Это было за три месяца до смерти Толстого. 1910 год. Революция уже захлестывала Россию. До Красного Октября оставалось семь лет — срок исторически крошечный. Но Толстого и Советскую Россию разделили не годы — эпоха.
Короленко пережил кровавую страду революции и Гражданской войны. «Берегитесь же! — бросил он в лицо большевистским вождям. — Ваша победа — не победа. Русская литература… —
не с вами, а против вас».
Комиссар Ясной Поляны
«После Великой Октябрьской социалистической революции Музей–усадьба Ясная Поляна был окружен исключительным вниманием и заботой Советского правительства…»
«На нашу семью из четырнадцати человек мы берем четверть фунта масла в день, — редко полфунта. Молока никто не пьет вдоволь, — часто за чаем переливаем из одной чашки в другую друг другу, чтобы всем хватило… Конечно, мы не голодаем, но я часто чувствую, что недоела…»
Две цитаты. Первая — из советского путеводителя по Музею «Ясная Поляна» — тиражировалась бесчисленное количество раз. Вторая — из письма дочери Толстого Татьяны Львовны (1919 год), глубоко упрятанного в хранилищах КГБ.

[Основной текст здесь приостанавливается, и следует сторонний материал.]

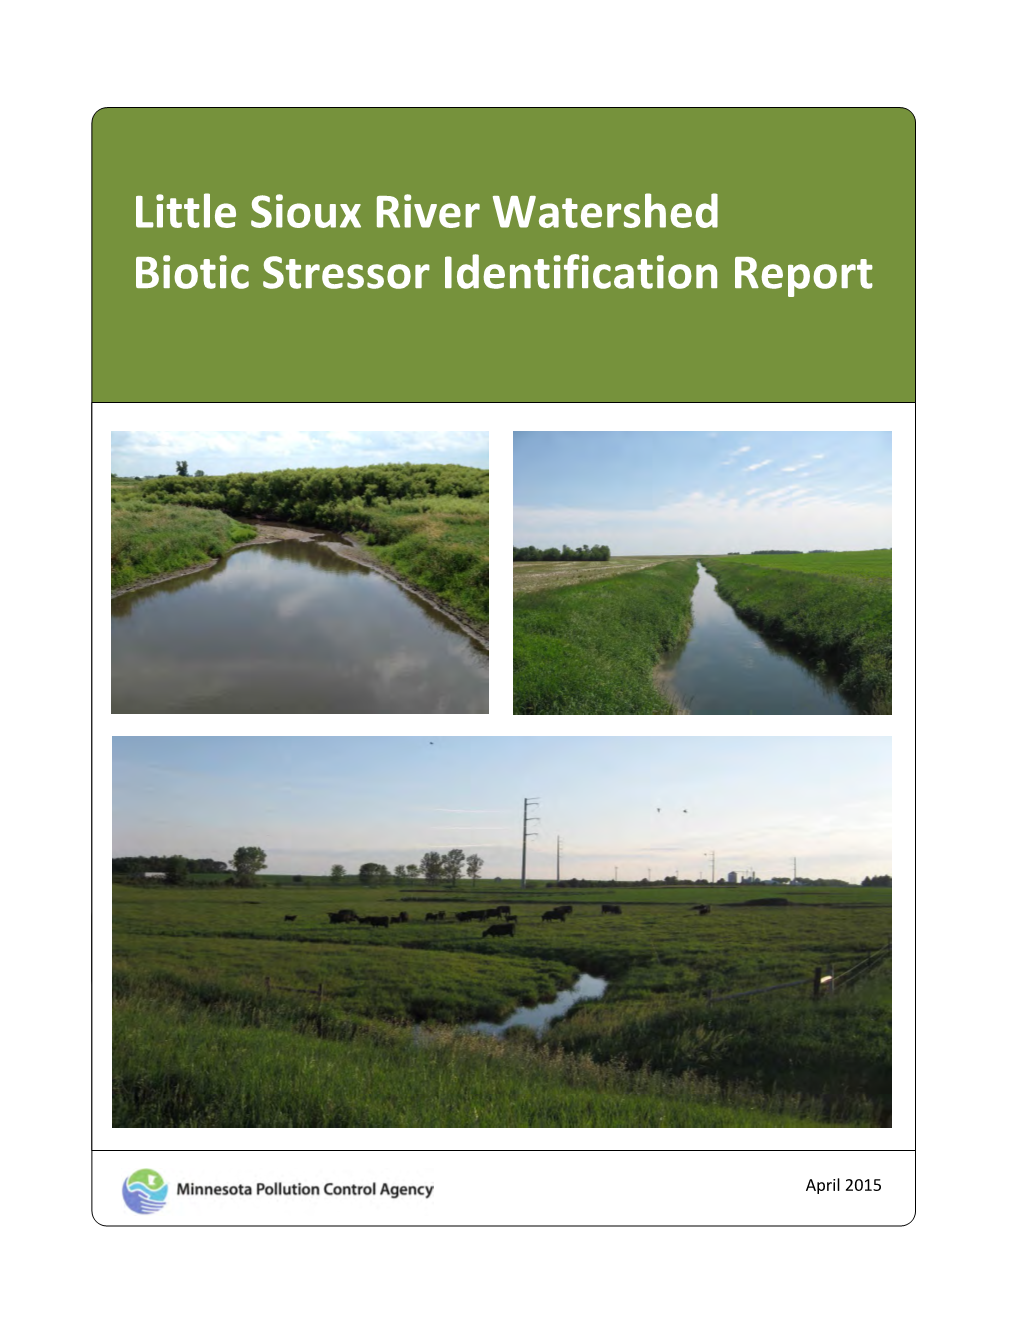 Little Sioux River Watershed Biotic Stressor Identification Report

Так чем же все–таки стала для Ясной Поляны советская власть — заботливой матерью или злой мачехой? И какой увидели революцию обитатели усадьбы Толстого?
В это время там жила его вдова Софья Андреевна, дочь Татьяна, многочисленная родня, от глубоких стариков до малых детей. Это был единственный в своем роде заповедник культуры дореволюционной России, со своими традициями, бытом и еще живой памятью о великом писателе.
«Свобода — внутри меня»
28 марта 1920 года Александра Львовна возвращалась в Москву из Ясной Поляны. С трудом удалось втиснуться в вагон, в котором раньше перевозили скот, а теперь плотной, потной массой стояли измученные люди, чесались от вшей, переругивались и опасливо прижимали к себе вещи. Хотелось спать, а заснуть было нельзя…
Вот и Москва. Дикая давка. На плечах — тяжеленный мешок с мукой. Казалось: сил осталось, только чтобы добраться до дома, подняться на второй этаж — и рухнуть в постель…
И вот она у своей двери. А на двери — печать ВЧК…
Что делать? Пошла к соседям, решила позвонить секретарю Президиума ВЦИК Авелю Енукидзе, которого знала лично и который к ней благоволил.
— Кремль! Говорит комиссар Ясной Поляны!..
Сократы из Газетного переулка
О духовно–нравственном учении Льва Толстого сейчас мало кто знает. Коммунистический строй сделал все, чтобы изъять его из народного сознания, как и всякое инакомыслие. И начало этому положил вождь революции Ленин, отрубивший топором: «Помещик, юродствующий во Христе…»
При советской власти философские труды Толстого появились лишь раз — в дорогом юбилейном собрании сочинений, изданном малым тиражом и оставшемся практически недоступным. Еретиком считался Толстой в царской России, еретиком остался и в советской. Верная жена и усердная помощница Ленина — Крупская — включила религиозно–философские работы писателя в список книг, подлежащих уничтожению, Лев Толстой стал узником идеологического ГУЛАГа, уже не мог сказать своим соотечественникам, что Царство Божие — внутри нас. Три поколения советских людей прожили без учения Толстого. Значительное движение в культурной истории России, мощный духовный поток, взявший свой исток с 80‑х годов XIX века, разбился, как о плотину, об Октябрь 17‑го, растекся на ручейки и постепенно к концу 30‑х иссяк, ушел под землю. Тысячи последователей и единомышленников Толстого были репрессированы, других заставили отречься от своего Учителя, заткнули рот, отучили думать.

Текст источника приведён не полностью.